- WHAT IS NEEDED
An exact copy of the listing below is needed, with no pictures in it.

- DATA BLOCK
--- --- ---

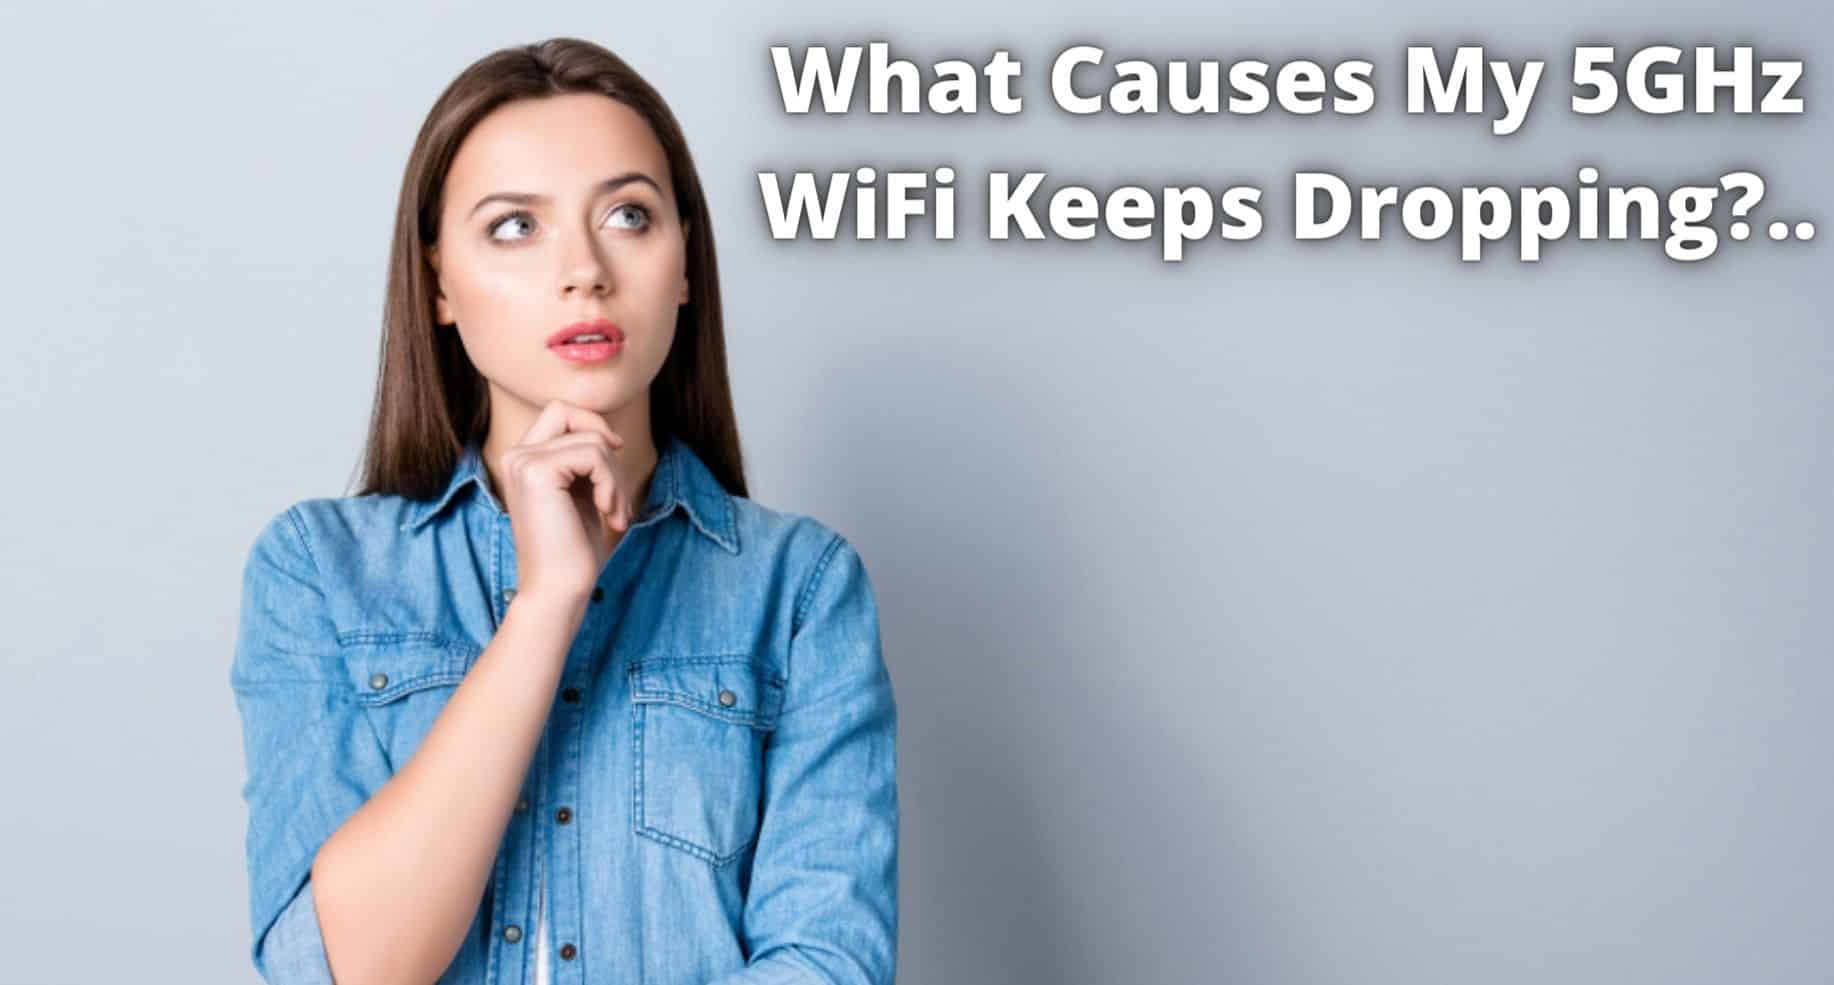 What Causes My 5GHz WiFi Keeps Dropping
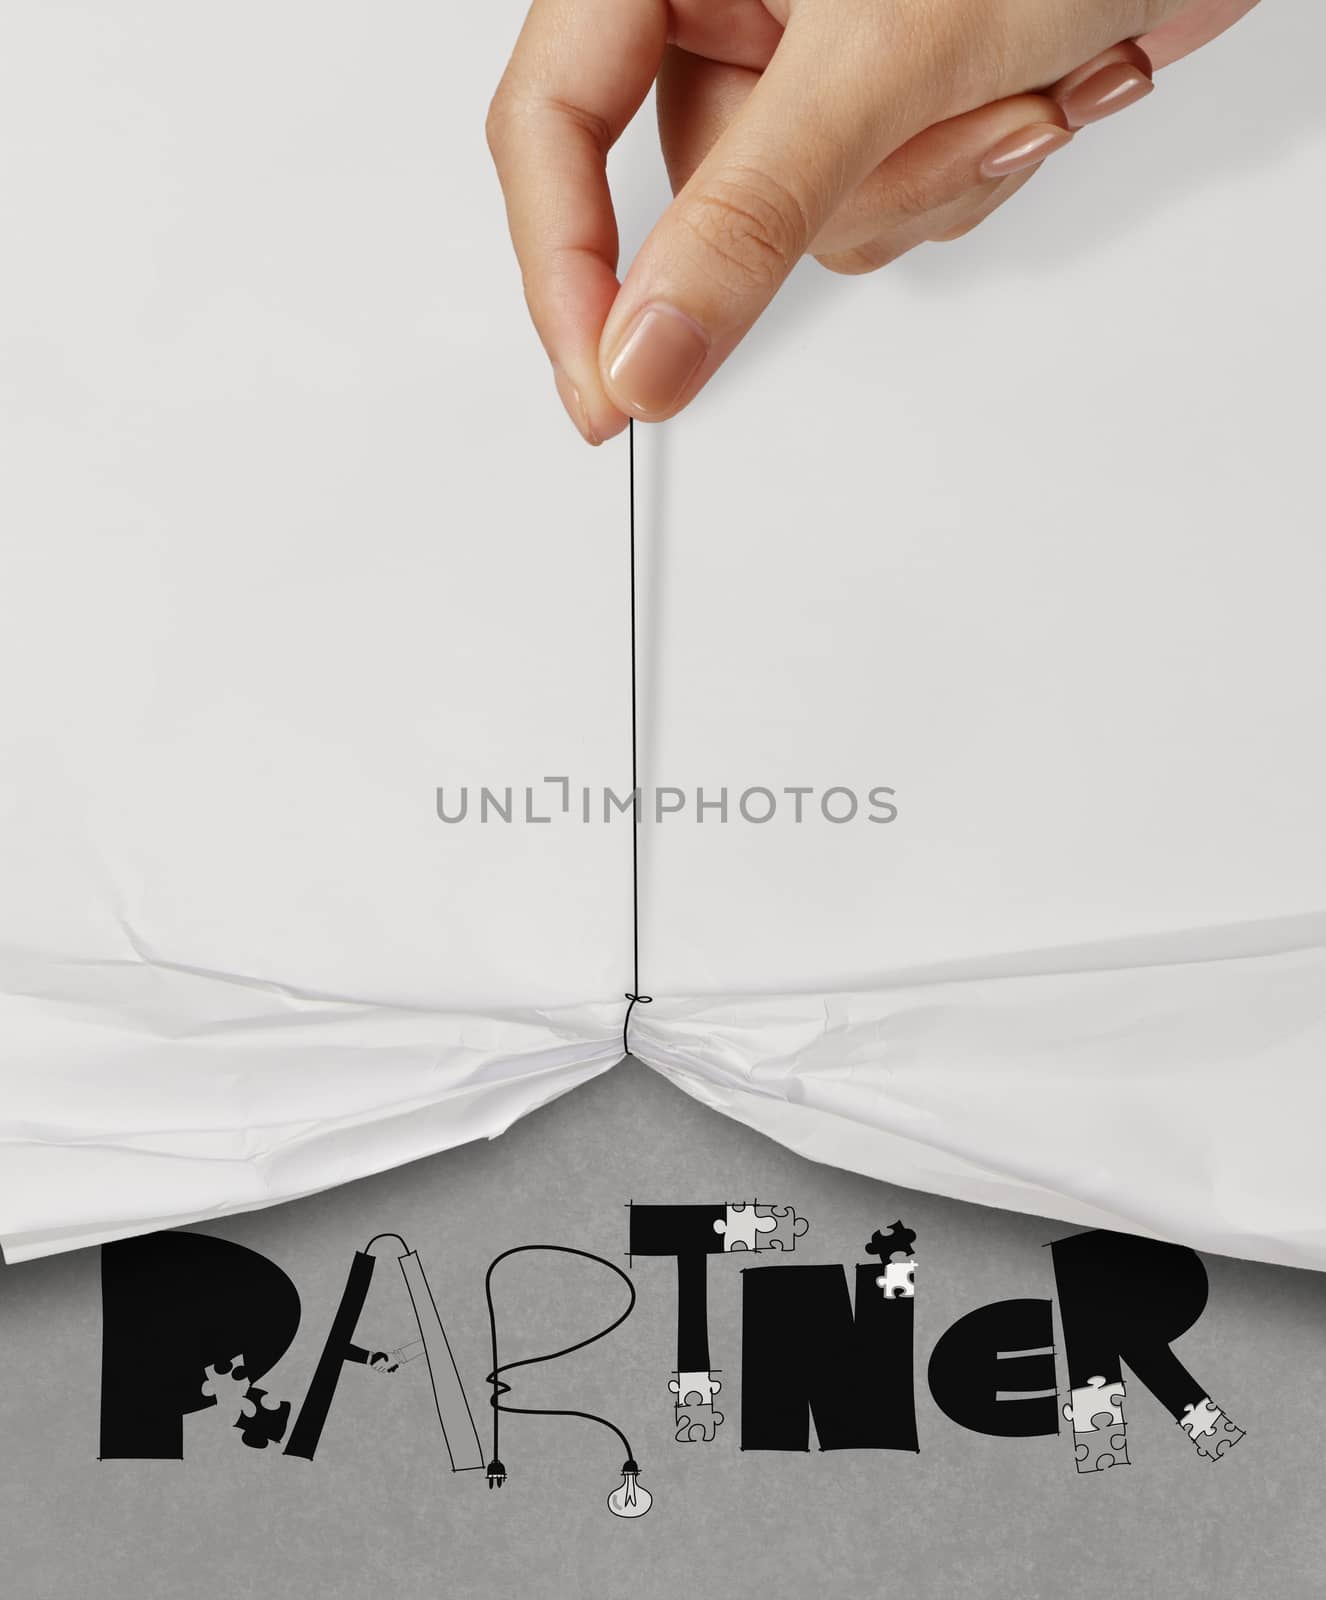 business hand pull rope open wrinkled paper show PARTNER design text as concept
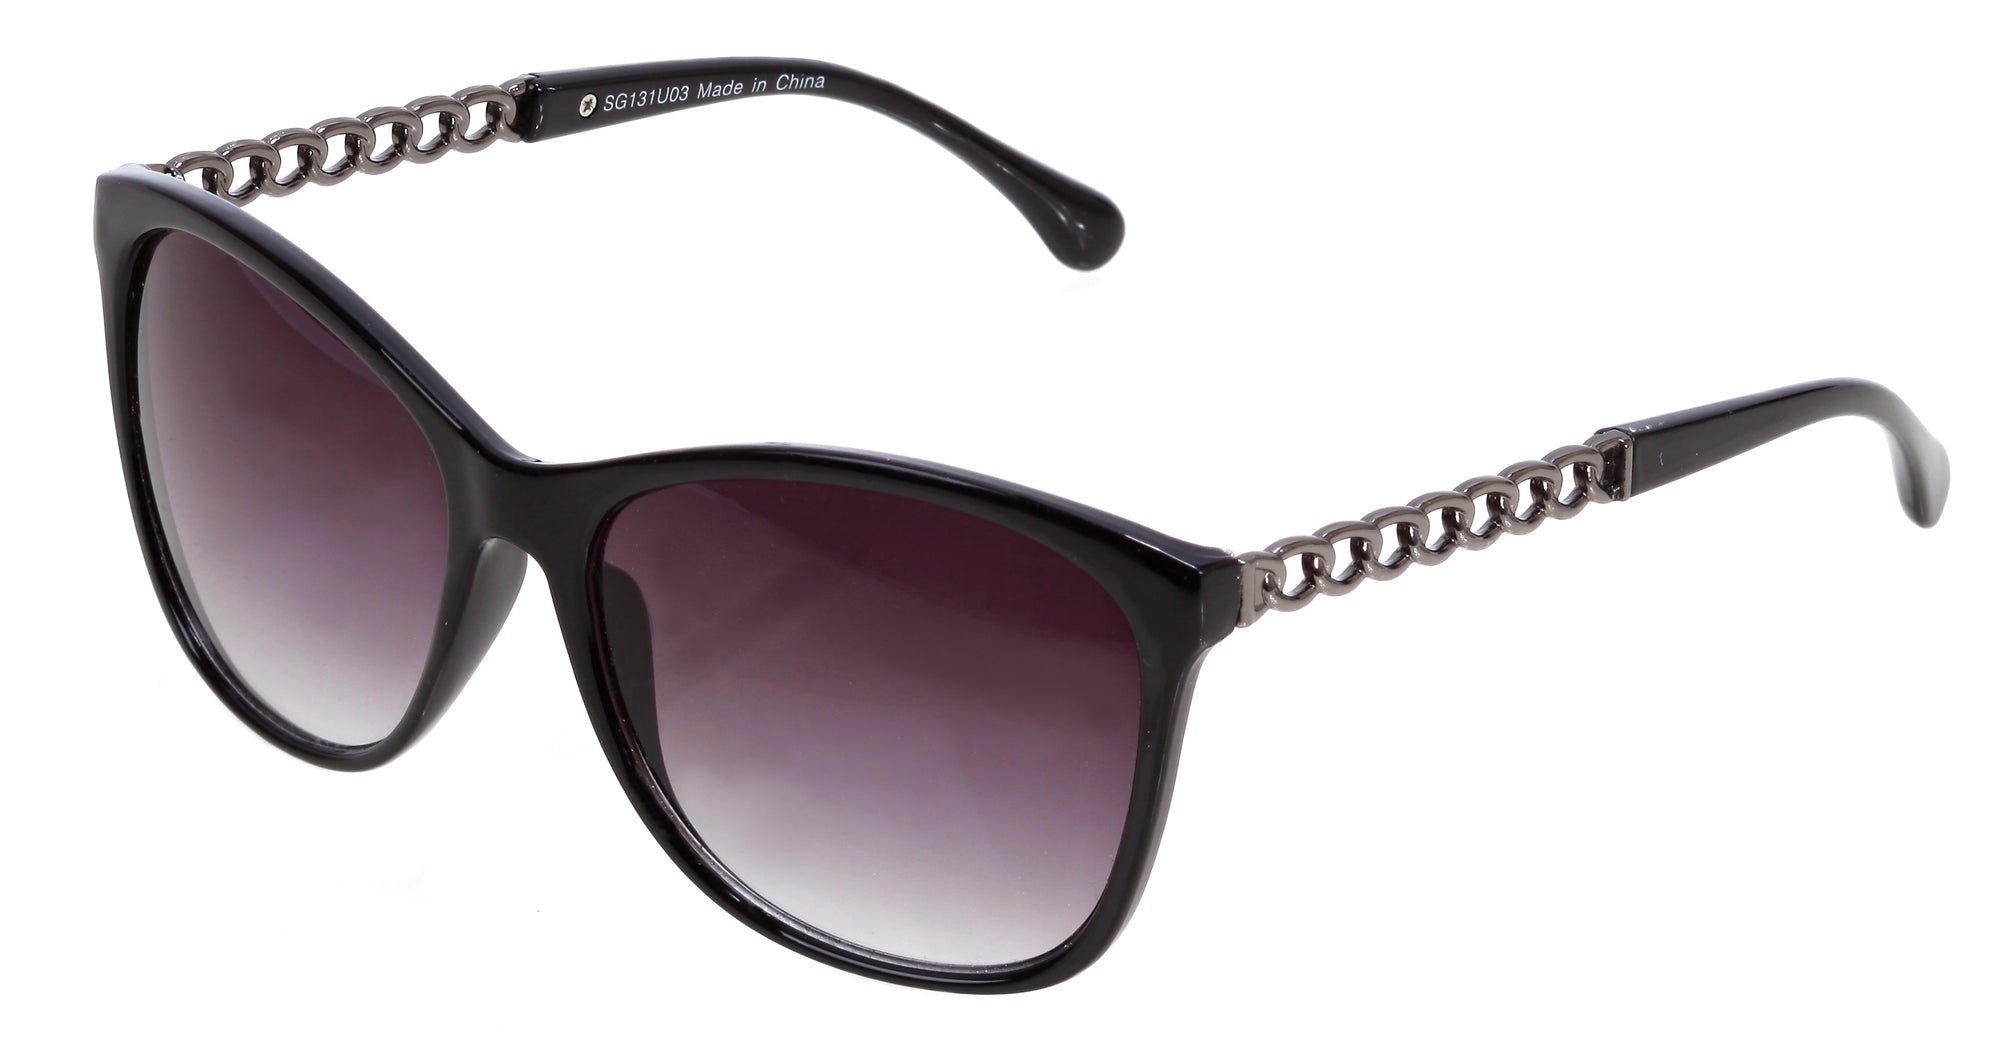 Black sunglasses with chains
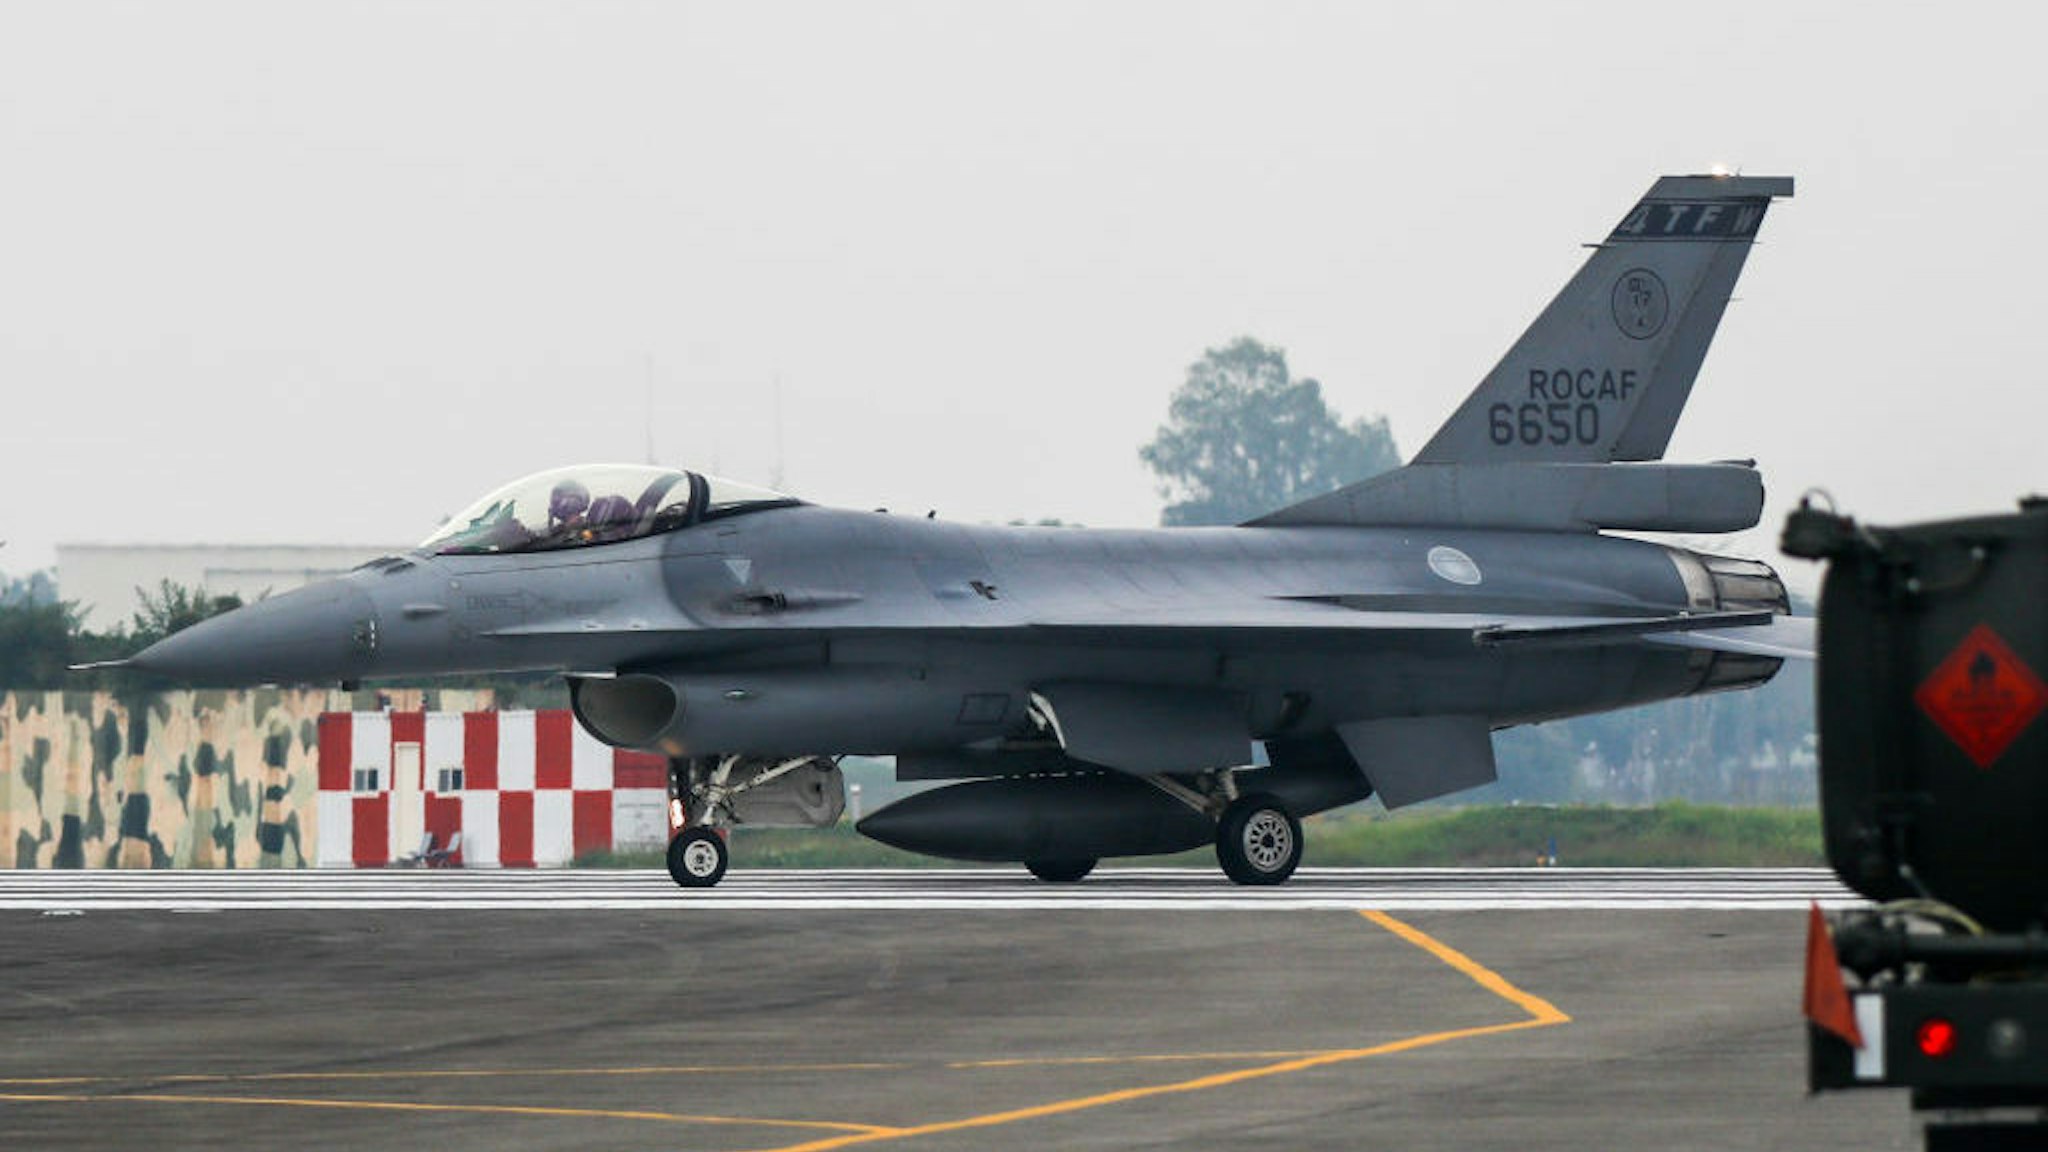 An archive photo taken during an Air Force drill on Jan 5, 2022 shows the taxing of an F-16V jet-fighter with with the serial number 6650, which has been reported missing over the sea off western Taiwan on 11 January local time, as it was deployed to a routine training, in Chiayi, Taiwan, 11 Jan, 2022. According to Taiwan’s Air Force, search and recovery operations have been underway, with residents saying that they witnessed the crashing of the warplane F-16V into the sea near Chiayi. (Photo by Ceng Shou Yi/NurPhoto)

--- --- ---

- ANSWER TO THE EXERCISE
 What Causes My 5GHz WiFi Keeps Dropping
 business hand pull rope open wrinkled paper show PARTNER design text as concept
 Black sunglasses with chains
 An archive photo taken during an Air Force drill on Jan 5, 2022 shows the taxing of an F-16V jet-fighter with with the serial number 6650, which has been reported missing over the sea off western Taiwan on 11 January local time, as it was deployed to a routine training, in Chiayi, Taiwan, 11 Jan, 2022. According to Taiwan’s Air Force, search and recovery operations have been underway, with residents saying that they witnessed the crashing of the warplane F-16V into the sea near Chiayi. (Photo by Ceng Shou Yi/NurPhoto)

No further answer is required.